I'm not sure why this works, but after working with some freelance developers and Microsoft support, I found a solution.

What we learned is that if we create a brand new DispForm.aspx page using Sharepoint Designer, this issue goes away. However, this opened up a few other cans of worms:

  • Any lookup fields were rendering as straight HTML code, so we had to write some JavaScript to fix that.
  • Our EditForm.aspx page also started loading very slowly, so we had to follow the same process there.
  • While we set our new DispForm page to be the default, that didn't seem to apply to Search results. Fixing this was a bit tricky -- we had to delete our original DispForm and rename the new one to be simply "DispForm.aspx".
    • By creating a new DispForm.aspx, the form is no longer automatically updated when we add or delete columns, which is kind of a pain. Trying to figure out how to re-establish that connection.

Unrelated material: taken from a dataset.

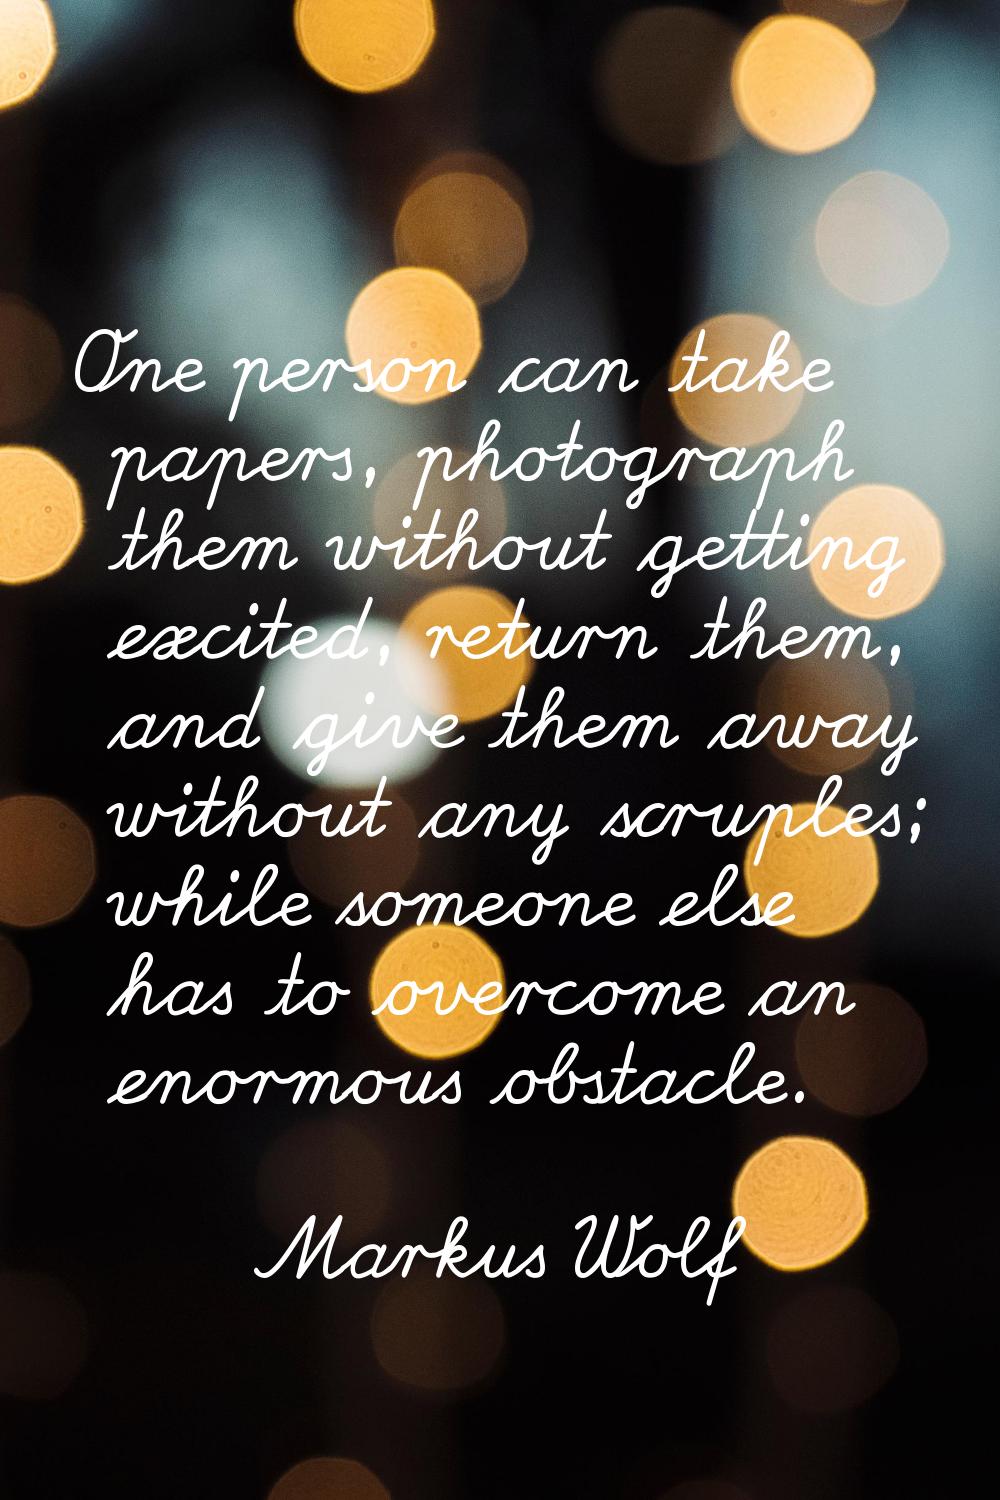 One person can take papers, photograph them without getting excited, return them, and give them awa

Here's the most interesting part which neither the developer nor Microsoft support can explain. The original, out-of-the-box DispForm.aspx page was only 275 lines of code. The new one, though, is over 1000. It seems that the original page was executing incredibly complex queries (verified in Developer Dashboard) that put a huge burden on the SQL Server. But when we created the new form, the new code did more of the processing on the app side, which seems to have made the queries more straight-forward.

If anyone has any explanations as to why this is happening, or suggestions for re-establishing the connection between the new DispForm and the list definition, I'd welcome it. I hope this helps others who might experience this problem with large lists.